Citing to section 1516.5’s legislative history, father claims the statute was designed to apply to situations unlike his, such as where the parent is not likely to reclaim the child or where a drug-addicted mother places the child in guardianship hoping to rehabilitate herself, yet fails to do so. In determining statutory intent, however, we look first to the statute’s language, giving effect to its plain meaning. (Burden v. Snowden (1992) 2 Cal.4th 556, 565.) Father does not contend the statute is ambiguous. Accordingly, we look only to the statute, which clearly requires the court to consider all factors relating to the best interest of the child in determining that the child would benefit from being adopted by his or her guardian. (§ 1516.5, subd. (a)(3).)

         The evidence here showed that Asher had a chaotic home life before coming to live with guardians – he lived primarily with mother, with father having weekend visits, although sometimes father lived with the Asher and mother. Father took custody of Asher full-time for six months after allegations of molestation by a neighbor surfaced while Asher lived with mother. When father knew he would be going to prison, he placed Asher in a good home with the maternal grandparents. While in prison, father kept in contact with Asher as much as possible through telephone and in-person visits, he also wrote Asher and sent him gifts. Guardians facilitated that contact because they believed father had changed and was trying to be a good father; they told him he was a good father in their letters to him because they believed it was in Asher’s best interest to have an ongoing relationship with father.

         Nevertheless, as father’s release date neared, the guardians became concerned because Asher was expressing “anxiety and fears about things[, ]” and Asher told Laurie, at his therapist’s urging, about “his anxieties about being with his dad.” Thereafter, guardians wrote father a list of expectations if visitation was to take place after father’s release. Although father did not respond to the letter in writing, he continued to seek to initiate visits with Asher. Guardians, however, would not take his calls, apparently because father would not accede to their demands, effectively cutting off all communication. After father filed his visitation petition, instead of trying work out a visitation plan, guardians filed this action seeking to terminate father’s parental rights.

         In reviewing the record before the trial court, it is apparent that there is little evidence of the quality of father’s relationship with Asher. While there was evidence that Asher had difficulty after prison visits and, as father’s release date approached, became anxious about “being with father[, ]” there is no evidence from which the trial court reasonably could infer that Asher’s anxieties were more than a normal reaction to either visiting father in prison, or to father’s impending release and the uncertainty that would engender. No expert testimony was presented about the quality of their relationship or that continued contact with father would be detrimental to Asher. Significantly, Asher’s therapist did not testify about his therapy or her recommendations. Although Asher told the court investigator he wanted guardians to adopt him, and his life before coming to live with guardians was chaotic and caused him to assume a parental role, no evidence was presented that Asher was asked how he felt about his visits with father or how he would feel if he never saw father again.

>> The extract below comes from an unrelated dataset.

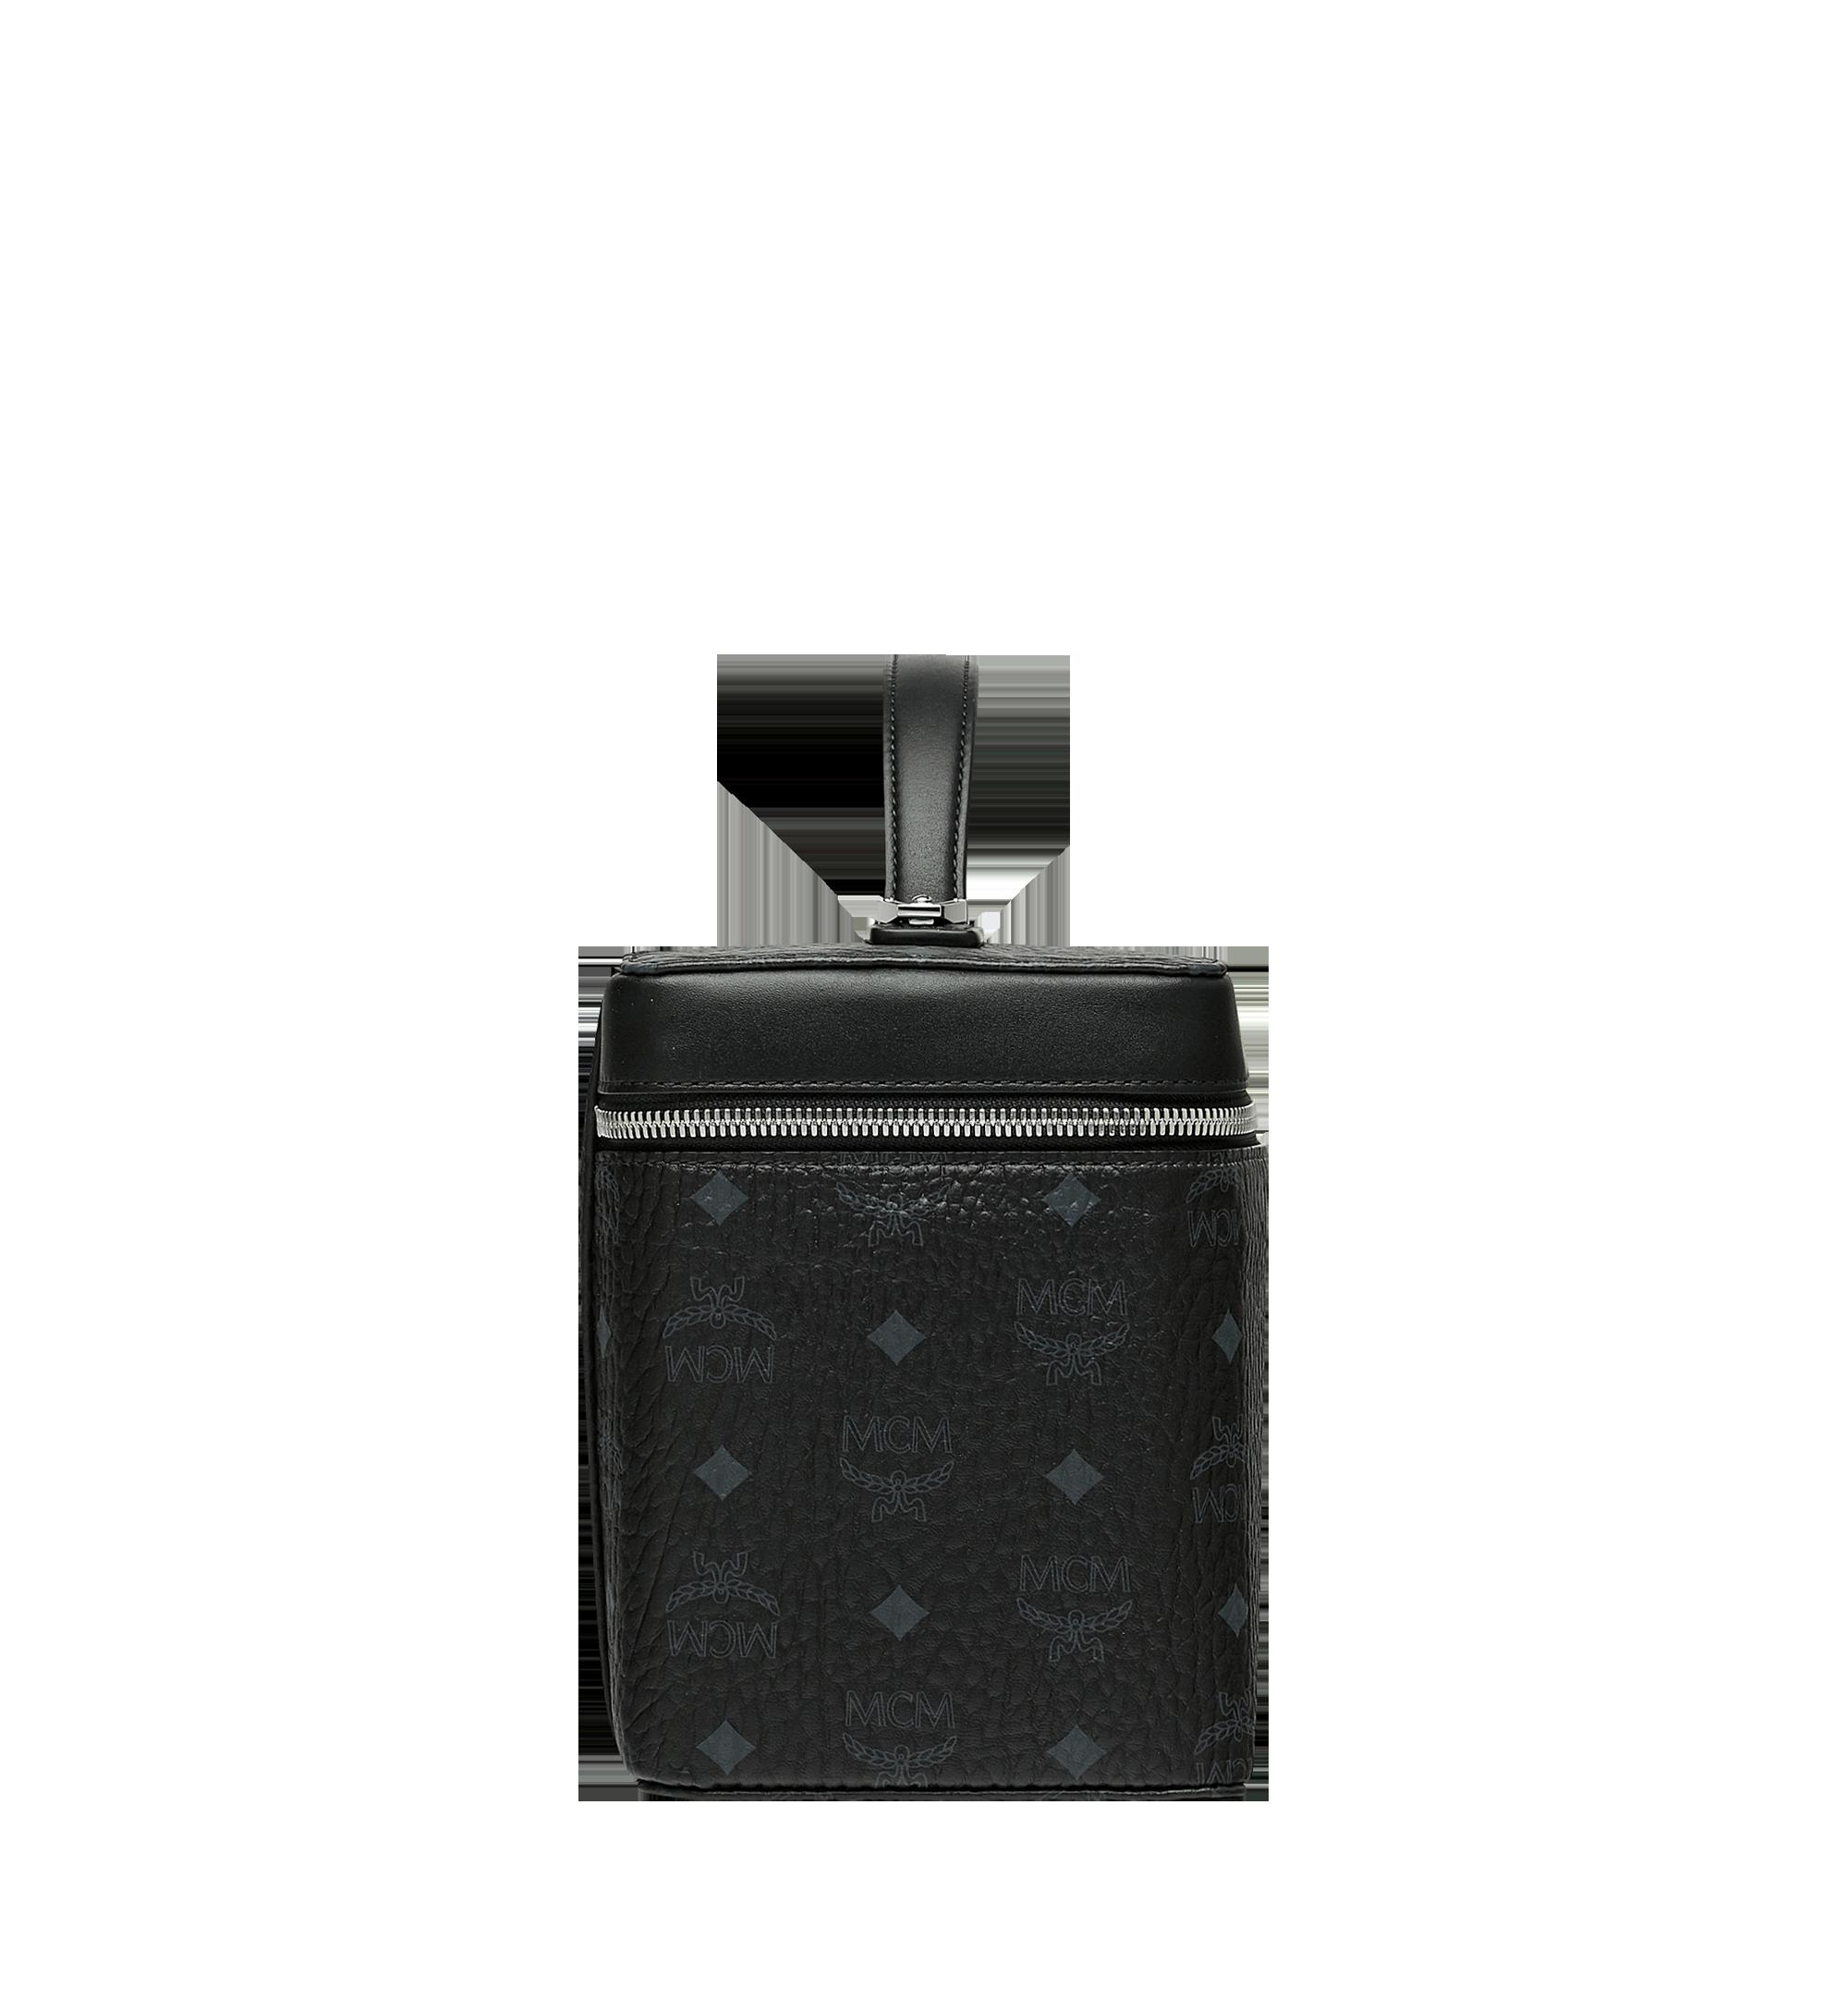 MCM Rockstar Vanity Case in Visetos Original Black MYZ9SVI96BK001 Alternate View 2

         What the evidence does show is that guardians had believed an ongoing father/son relationship was in Asher’s best interest, but they and father came to an impasse on how to handle visits after father’s release from prison. When father was unwilling to comply with their demands, they petitioned to terminate his parental rights. Given all of the circumstances, the evidence failed to satisfy guardians’ burden of showing that adoption was a better option than guardianship with continued parental involvement. This is because there simply was not enough evidence of father’s relationship with Asher from which the trial court could compare the benefits of adoption to the benefits of guardianship with the possibility of visitation with father.

         Pointing to Asher’s life before the guardianship, guardians assert that it is not in Asher’s best interest to return Asher to the chaotic life he had with his drug-abusing parents. But whether Asher should be returned to father’s custody was not the issue before the trial court. Moreover, guardians did not present any evidence that father’s circumstances at the time of the hearing would present such a danger to Asher. The only evidence of father’s current circumstances came from father, who testified that he was not using drugs, his drug tests were negative, and he had a job.

         Father does not dispute that Asher has benefited greatly from guardians’ loving care and support, and that he has developed a positive emotional bond with them. On this record, we see no reason the guardianship should not continue, as guardians have done an exemplary job raising Asher and assuming a parental role. What troubles us is the lack of evidence on the issue of whether Asher would be harmed if all contact with father was cut off as a result of adoption. We thus remand this matter for evidence on and resolution of this important issue. While on remand, it ultimately may prove true that adoption is in Asher’s best interest, we hesitate to affirm that conclusion on the current record.

         Accordingly, the trial court is directed to receive additional evidence and determine whether the option of adoption outweighs continued guardianship with the possibility of visitation with father. Since we remand the matter for additional evidence on this issue, we do not address the other claims the parties raised, including whether section 1516.5 is unconstitutional as applied to father, whether the trial court applied the correct standard of review, and the effect of father’s failure to request a statement of decision. In addition, we express no opinion on father’s right to visitation or whether conditions should be placed on any visitation plan.

         DISPOSITION

         The judgment is reversed. The matter is remanded for the consideration of additional evidence consistent with this opinion. The parties shall bear their own costs.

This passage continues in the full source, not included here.